## Problem to solve
Output the listing word for word, minus images.

## Data extract
►

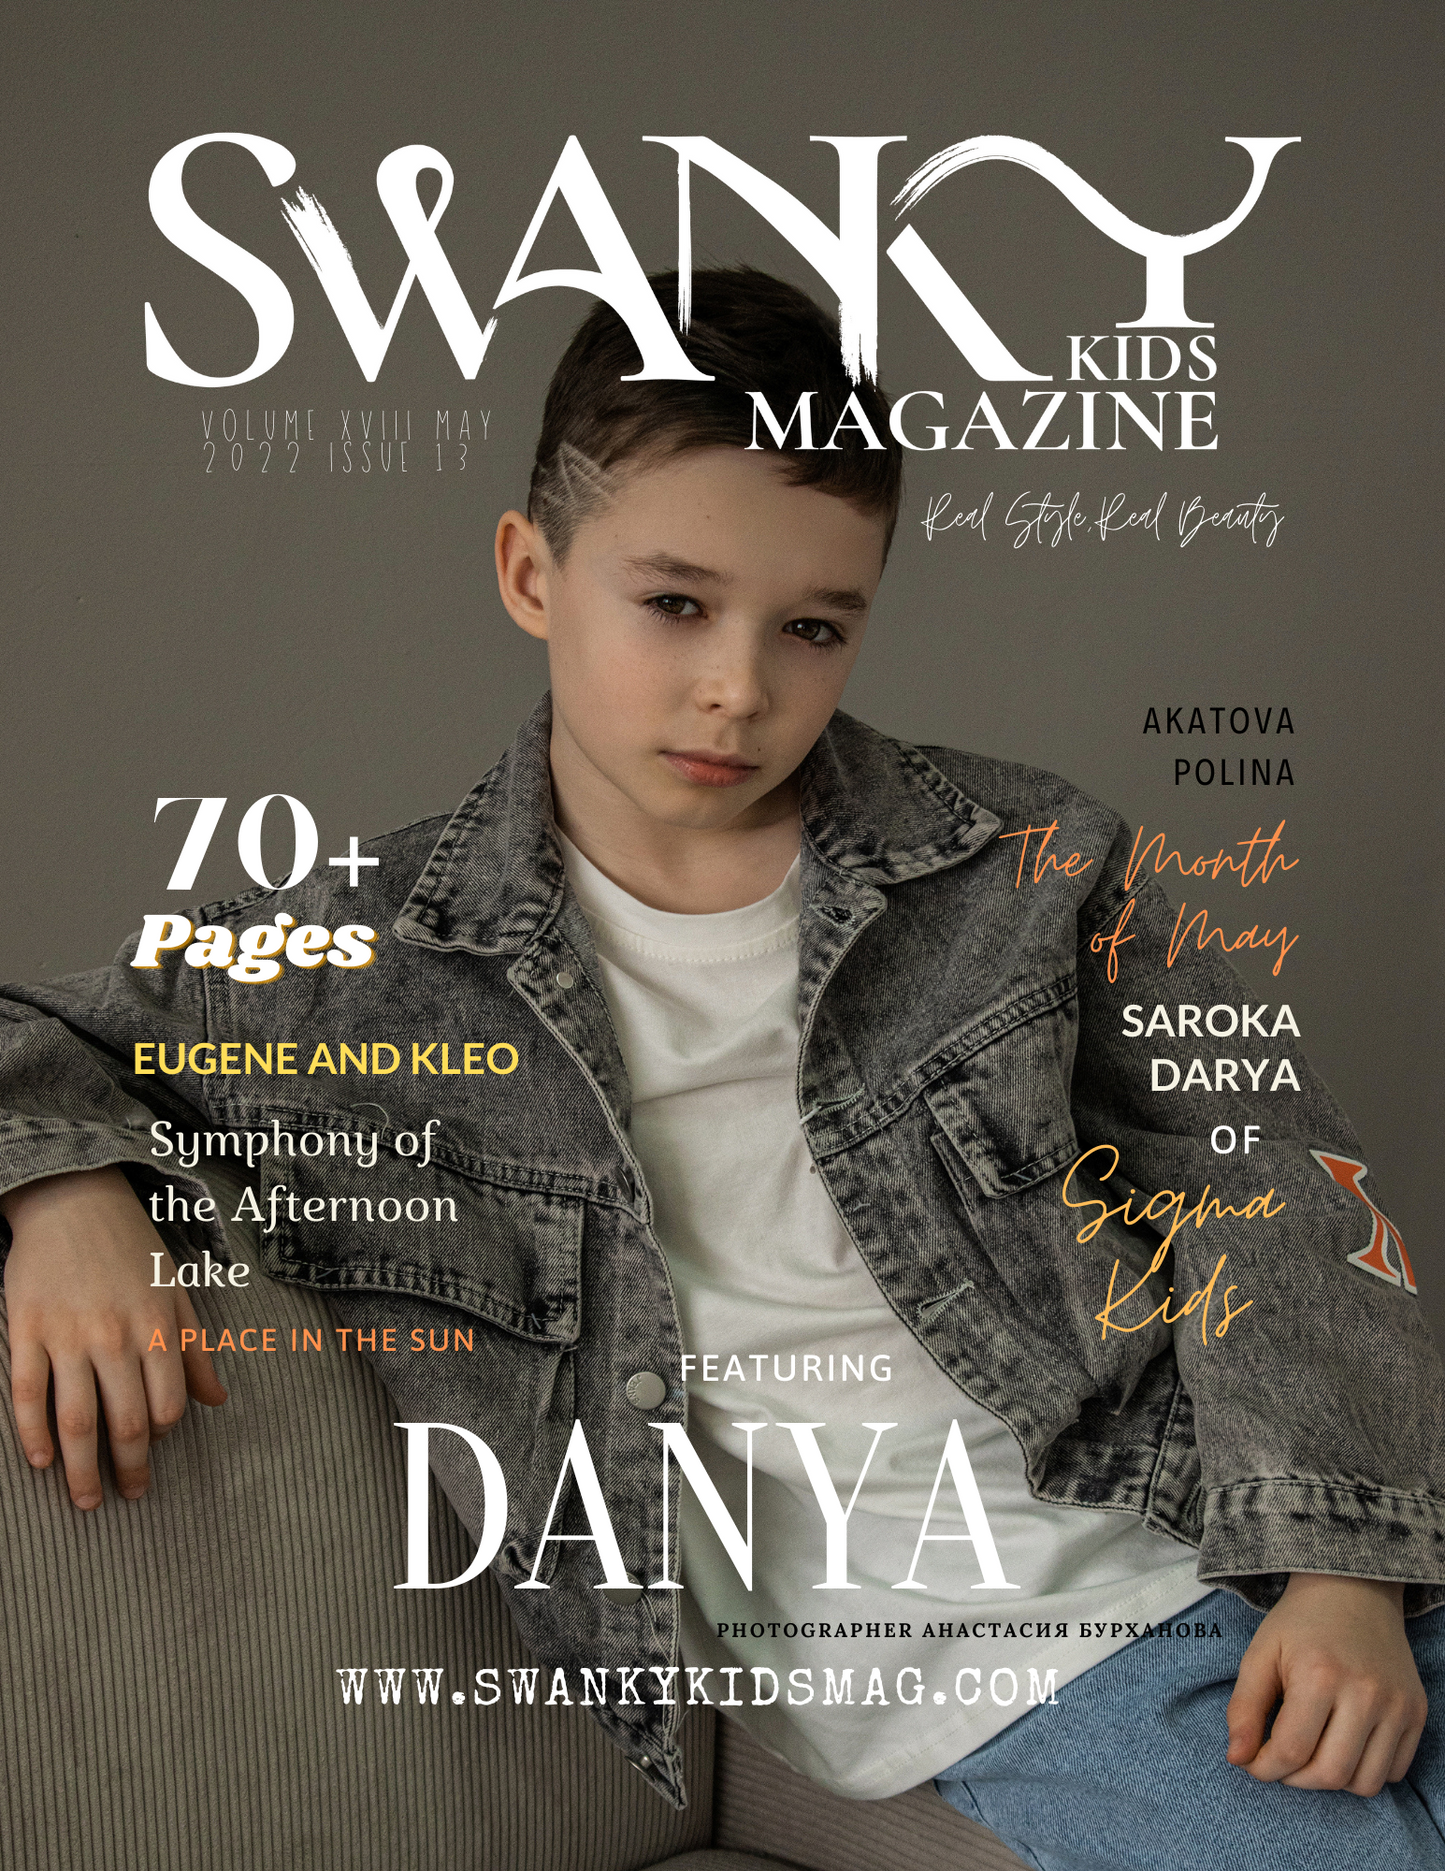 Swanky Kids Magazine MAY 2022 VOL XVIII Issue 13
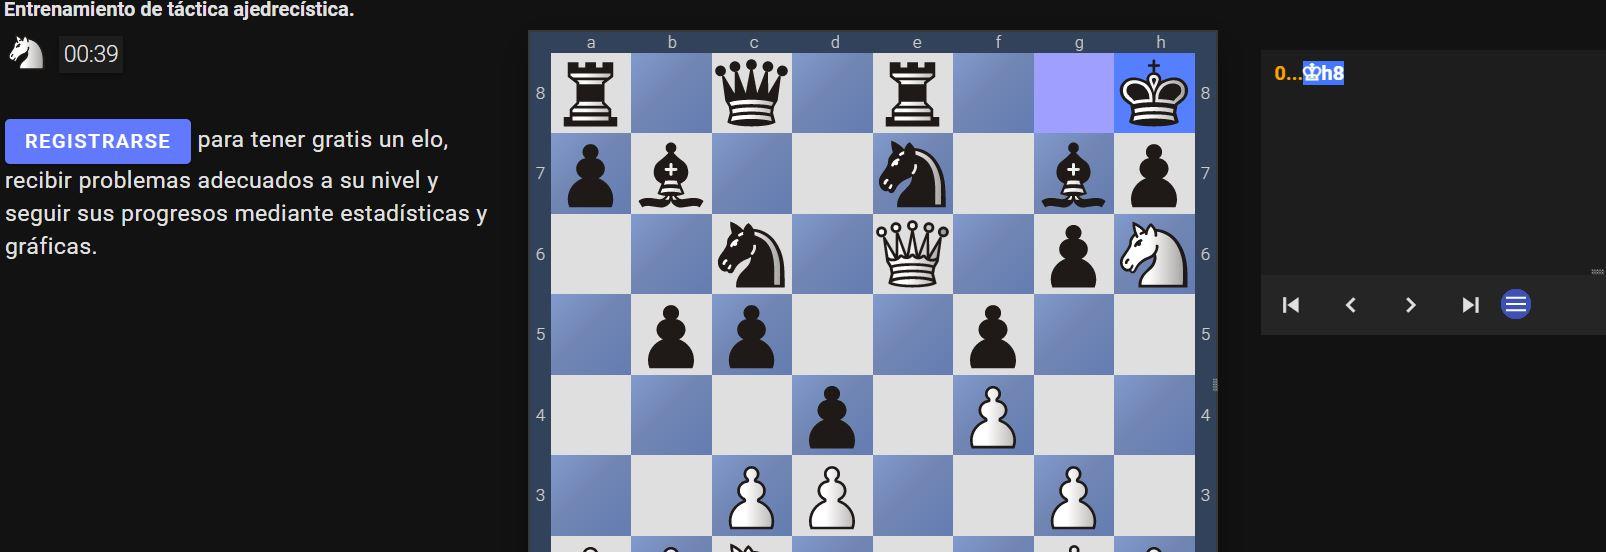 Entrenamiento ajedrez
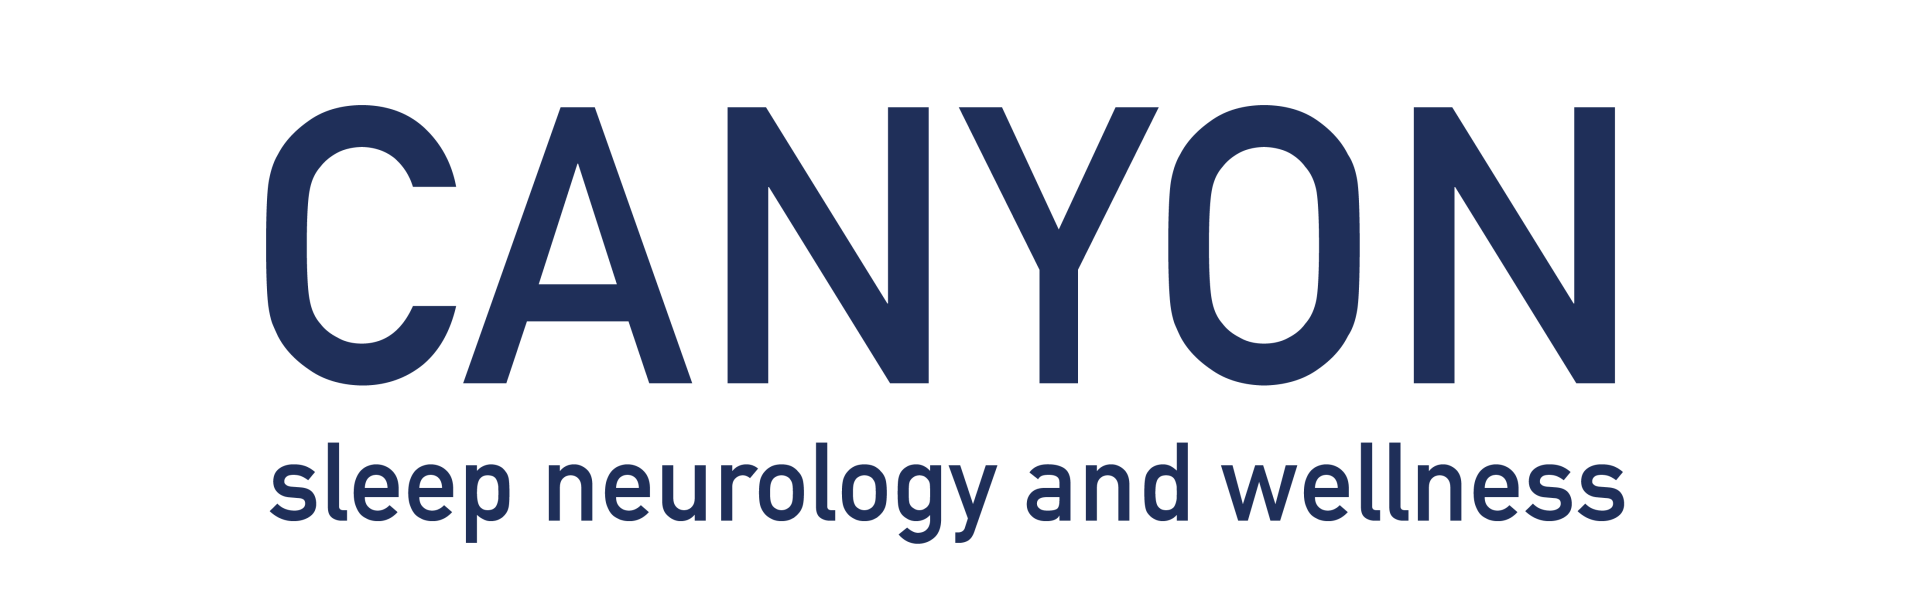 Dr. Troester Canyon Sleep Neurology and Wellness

◄

## Answer section
 Swanky Kids Magazine MAY 2022 VOL XVIII Issue 13
 Entrenamiento ajedrez
 Dr. Troester Canyon Sleep Neurology and Wellness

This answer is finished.